Virgil I. "Gus" Grissom Elementary School was operated by the Department of Defense Dependents Schools at the former Clark Air Base, Philippines. Originally named the Wurtsmith Hill School, it was renamed on November 14, 1968. It housed 3rd and 4th grade students. The school was severely damaged by the eruption of Mt. Pinatubo in 1991.
- Virgil I. Grissom Junior High School 226, South Ozone Park, Queens, New York City

== Film and television ==
Grissom has been noted and remembered in many film and television productions. Before he became widely known as an astronaut, the film Air Cadet (1951) starring Richard Long and Rock Hudson briefly featured Grissom early in the movie as a U.S. Air Force candidate for flight school at Randolph Field, San Antonio, Texas. Grissom was depicted by Fred Ward in the film The Right Stuff (1983) and (very briefly) in the film Apollo 13 (1995) by Steve Bernie. He was portrayed in the 1998 HBO miniseries From the Earth to the Moon (1998) by Mark Rolston. Actor Kevin McCorkle played Grissom in the third-season finale of the NBC television show American Dreams. Bryan Cranston played Grissom as a variety-show guest in the film That Thing You Do!. Actor Joel Johnstone portrays Gus Grissom in the 2015 ABC TV series The Astronaut Wives Club. In 2016 Gus Grissom was included in the narrative of the movie Hidden Figures. In 2018, he was portrayed by Shea Whigham in First Man. In 2020's Disney+ miniseries The Right Stuff, Grissom is portrayed by Michael Trotter.

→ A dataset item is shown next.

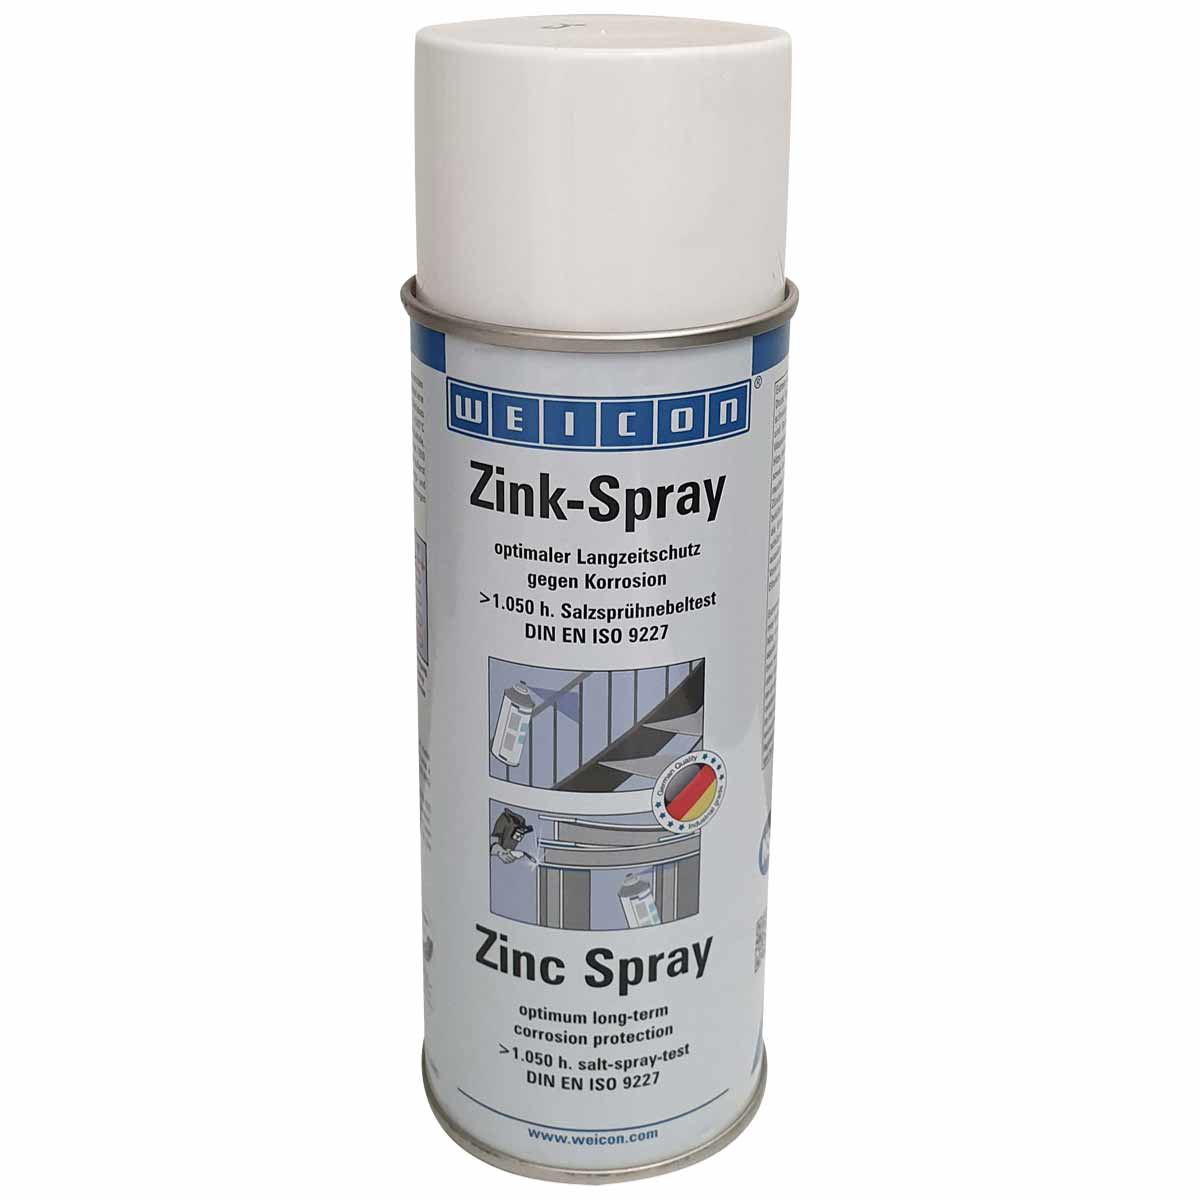 اسپری آبکاری سرد زینک (روی) مات ویکن WEICON Zinc Spray

In the 1984 film Star Trek III: The Search for Spock, the Federation starship USS Grissom is named for Grissom. Another USS Grissom was featured in a 1990 episode of the TV series Star Trek: The Next Generation, and was mentioned in a 1999 episode of Star Trek: Deep Space Nine. The character Gil Grissom in the CBS television series CSI: Crime Scene Investigation and the character Virgil Tracy in the British television series Thunderbirds are also named after the astronaut. NASA footage, including Grissom's Mercury, Gemini, and Apollo missions, was released in high definition on the Discovery Channel in June 2008 in the television series When We Left Earth: The NASA Missions.

When Grissom died, he was in the process of writing a book about Gemini.